Free Email Authentication Checker
Verify SPF, DKIM, DMARC, and BIMI records for any domain. Protect your domain from email spoofing and phishing attacks.
What Is Email Authentication?
Email authentication is a set of DNS-based protocols that verify whether an email actually came from the domain it claims to be from. Without these records, anyone can send emails pretending to be your domain — enabling phishing attacks, business email compromise, and brand damage.
The Three Pillars
SPF (Sender Policy Framework)
A DNS TXT record that lists which mail servers are authorized to send email on behalf of your domain. Receiving servers check if the sending IP is in your SPF record. Without SPF, any server can impersonate your domain.
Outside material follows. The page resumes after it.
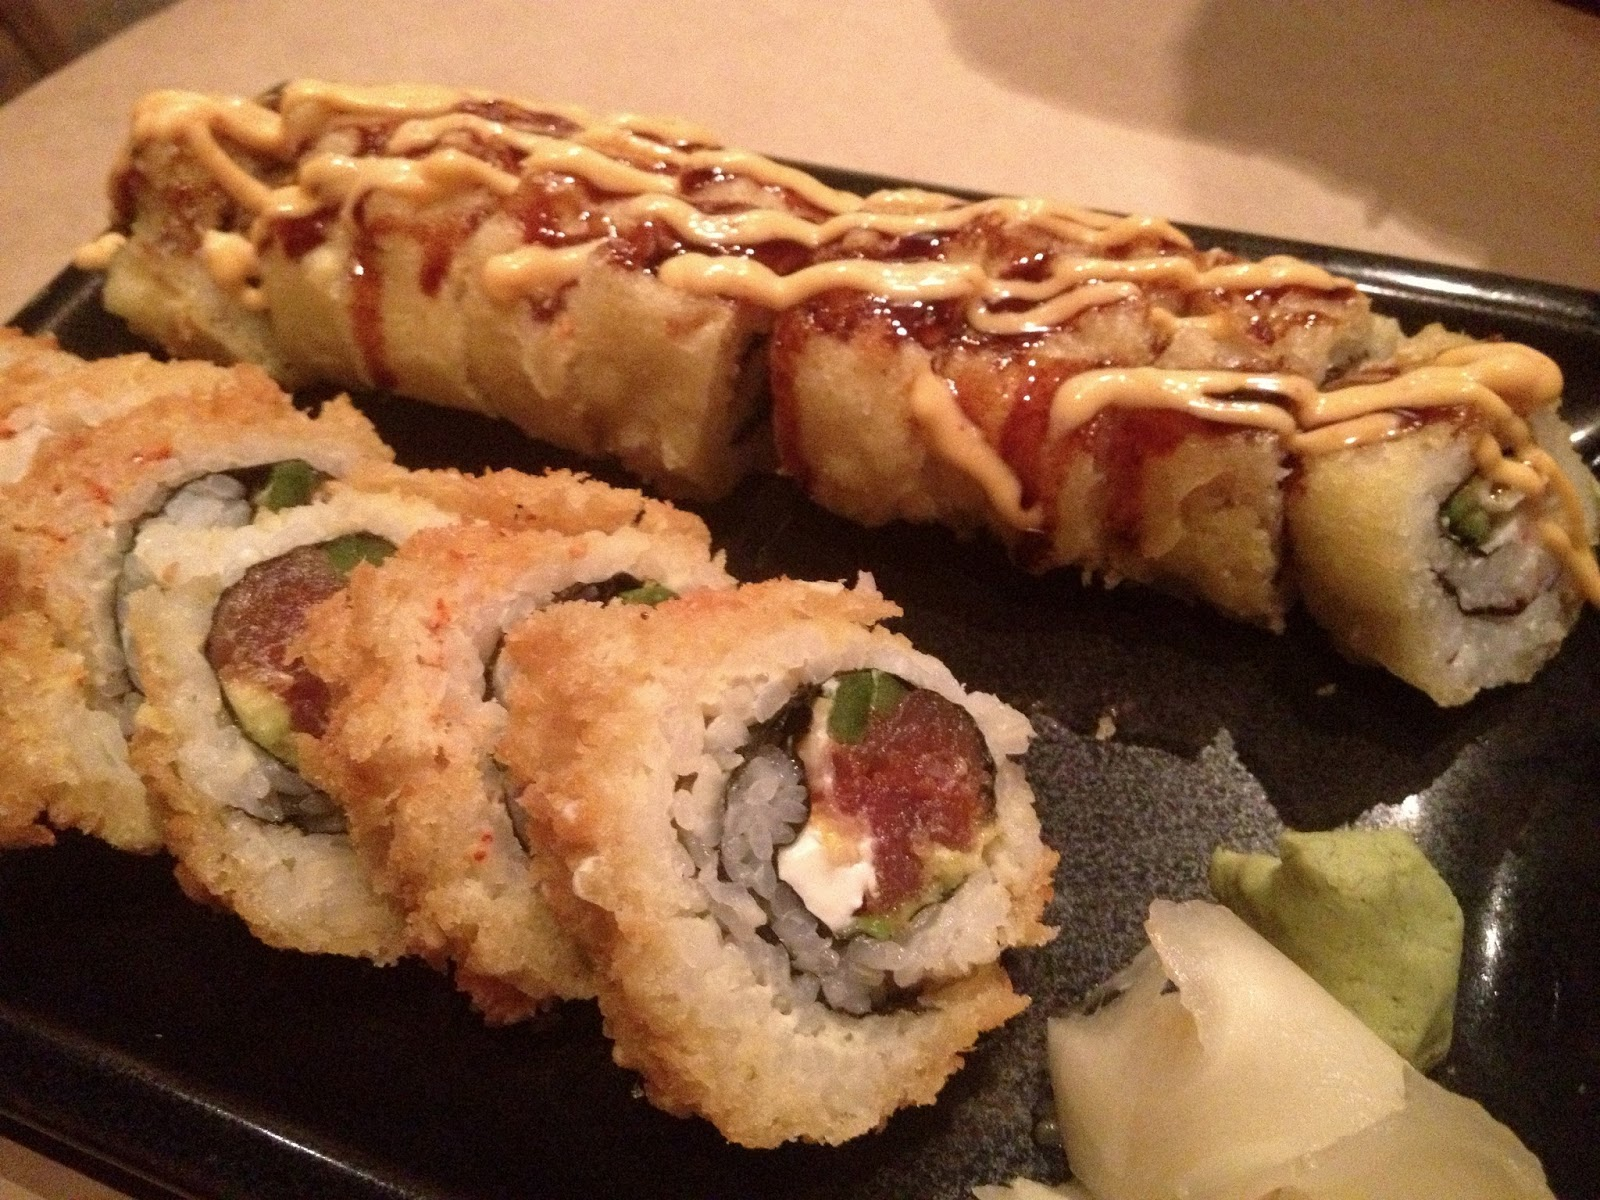 food blog, utah food blog, food blogger, happy sumo, sushi, sushi places in utah, panko popper roll, vegas roll, tuna, ahi seared tuna

DKIM (DomainKeys Identified Mail)
Adds a cryptographic signature to outgoing emails. The receiving server verifies the signature against a public key in your DNS. This proves the email wasn't altered in transit and came from an authorized sender.
DMARC (Domain-based Message Authentication, Reporting & Conformance)
Ties SPF and DKIM together with a policy that tells receivers what to do when authentication fails: monitor (none), quarantine, or reject. DMARC also provides reporting so you can see who's sending email as your domain.
What About BIMI?
BIMI (Brand Indicators for Message Identification) displays your brand's logo next to emails in supported clients like Gmail and Apple Mail. It requires a valid DMARC policy with enforcement (quarantine or reject). BIMI improves email trust and brand recognition.
Why This Matters
According to the FBI, business email compromise caused over $2.7 billion in losses in 2023 alone. Properly configured email authentication dramatically reduces the risk of your domain being used in phishing campaigns. It also improves email deliverability — major providers like Google and Yahoo now require SPF, DKIM, and DMARC for bulk senders.
Common Issues
Missing SPF — Without an SPF record, any server can send email as your domain without failing authentication.
DMARC set to "none" — A DMARC policy of p=none only monitors; it doesn't actually block spoofed emails. Move to quarantine or reject for real protection.
Too many SPF lookups — SPF is limited to 10 DNS lookups. Complex configurations with many includes can exceed this, causing SPF to fail entirely.
No DMARC reporting — Without rua/ruf URIs, you never see who's spoofing your domain. Always add reporting addresses.